Viaggiare da soli negli Stati Uniti con 35€ al giorno

Categorie: Interviste

[box style=’info’] Mi chiamo Riccardo, sul web Richardgoesto, e sono un ragazzo di quasi 23 anni di Osteria Grande, una piccola frazioncina in provincia di Bologna. Mi sono laureato in Economia del Turismo a Marzo 2014, appena 10 giorni prima di partire per il mio mega-viaggio. Ho deciso di viaggiare per 3 mesi attraverso il continente americano in lungo e in largo da solo.

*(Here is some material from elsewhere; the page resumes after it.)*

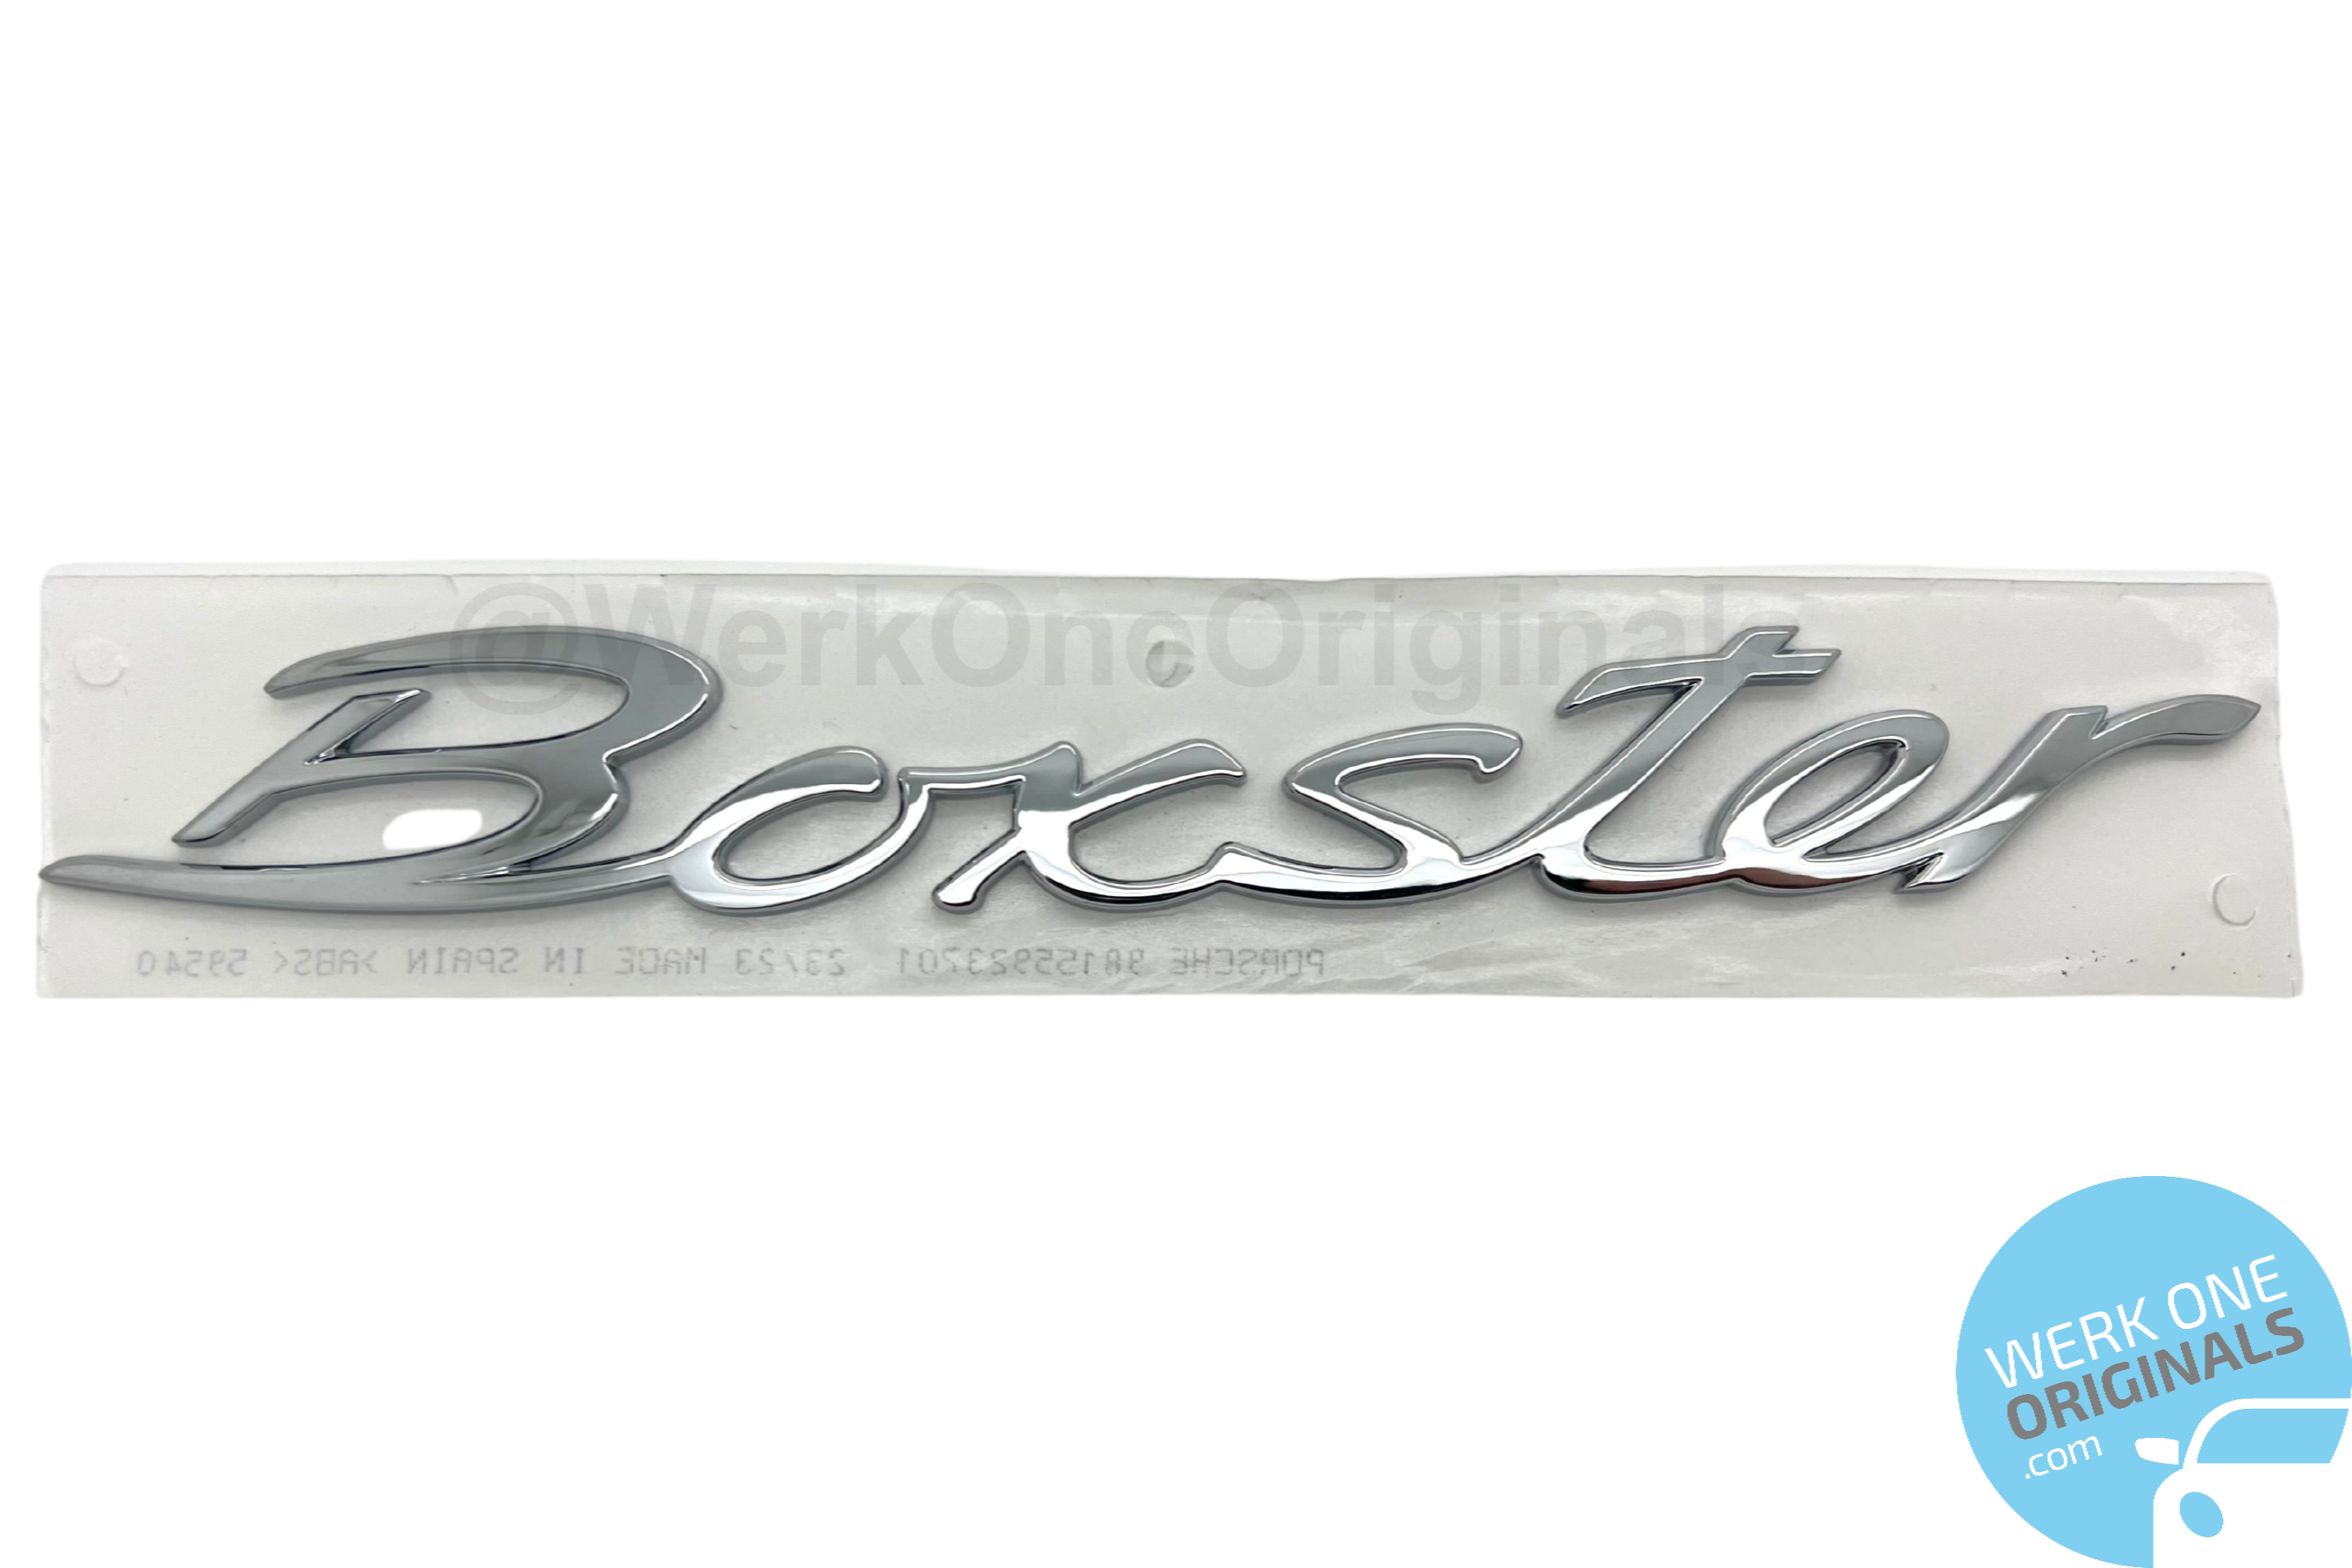 Porsche Official 'Boxster' Rear Badge Decal in Chrome Silver for Boxster Type 718 Models

Mi definisco una persona estremamente curiosa e logorroica, caratteristiche che mi spingono facilmente a scoprire e relazionarmi con persone di background culturali diversi dai miei. I miei più grandi interessi riguardano i viaggi e il turismo, i trasporti e la geografia (potrei stare incollato su Google Maps per ore ed ore). In più sono, ahimè, dipendente da internet e dai social networks, questo mi spinge a condividere tutti gli aspetti del mio viaggio con i miei amici reali e virtuali. Potete segure il mio viaggio sulla mia pagina facebook. [/box]

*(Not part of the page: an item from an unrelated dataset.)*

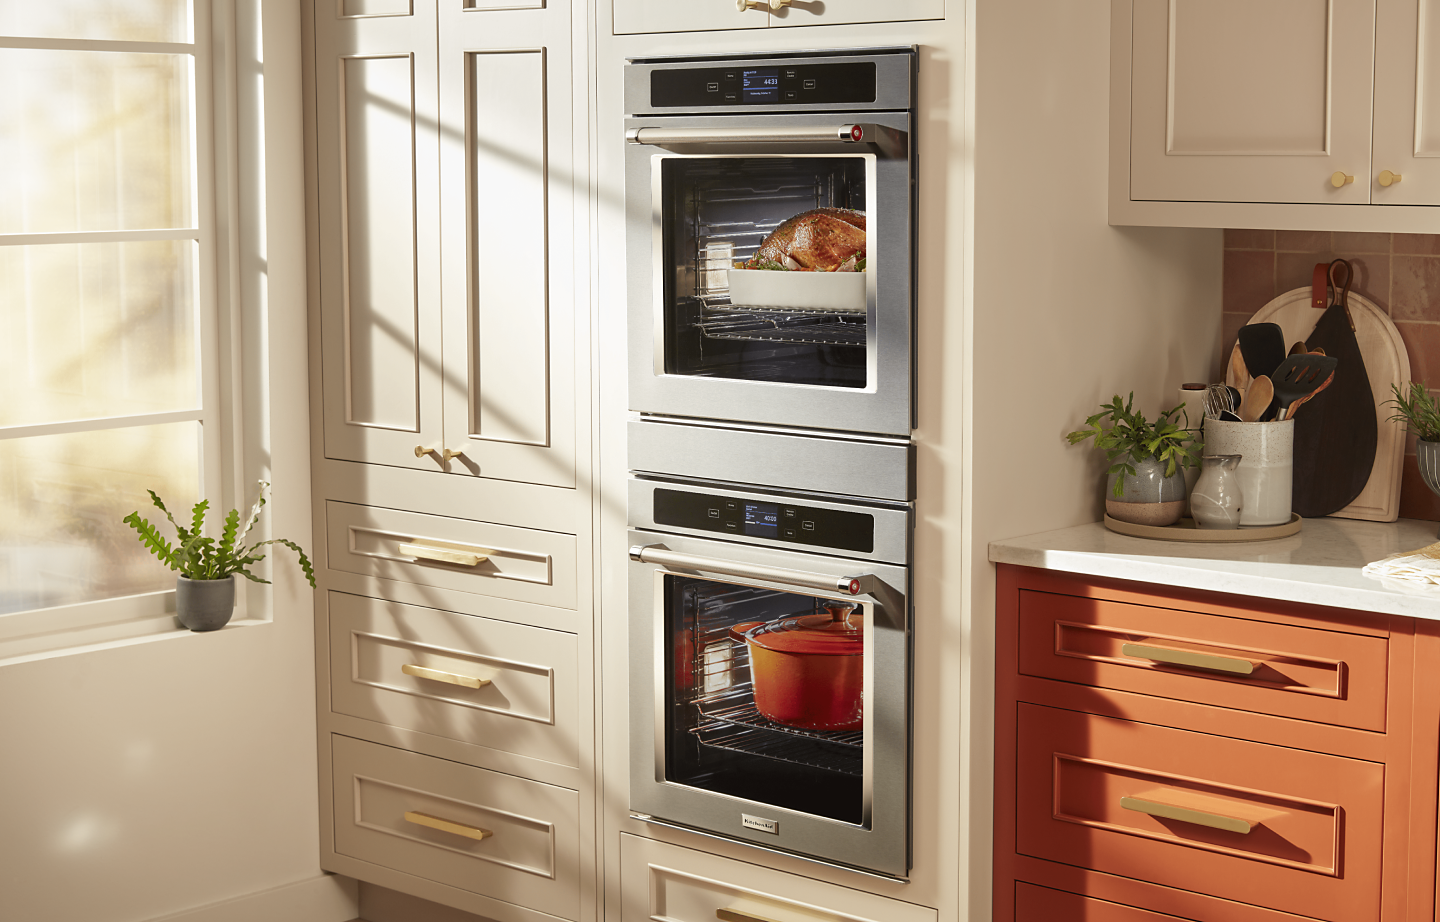 KitchenAid® stainless steel double wall oven

1. Non è comune tra i 20enni italiani fare un viaggio di 3 mesi zaino in spalla, tu da cos sei stato spinto?

La passione per i viaggi è ciò che mi contraddistingue. La mia curiosità verso situazioni e luoghi nuovi e diversi da quelli di casa mi ha sempre spinto a desiderare di vedere cosa c’è al di fuori dell’Italia. Inoltre, avevo dei mesi vuoti da “investire” prima di iniziare il mio percorso di laurea specialistica.



2. Come hai scelto la destinazione, quale è stata la tua ispirazione?

La vera ispirazione l’ho avuta leggendo il libro “L’America Perduta” di Bill Bryson: volevo provare la sensazione di viaggiare attraverso grandi spazi sconfinati, tra parchi nazionali e cittadine immerse nel nulla proprio come descrive l’autore nel libro. In più, avevo voglia di scorire come fosse l’America di provincia, non solo quella delle grandi città sulle coste.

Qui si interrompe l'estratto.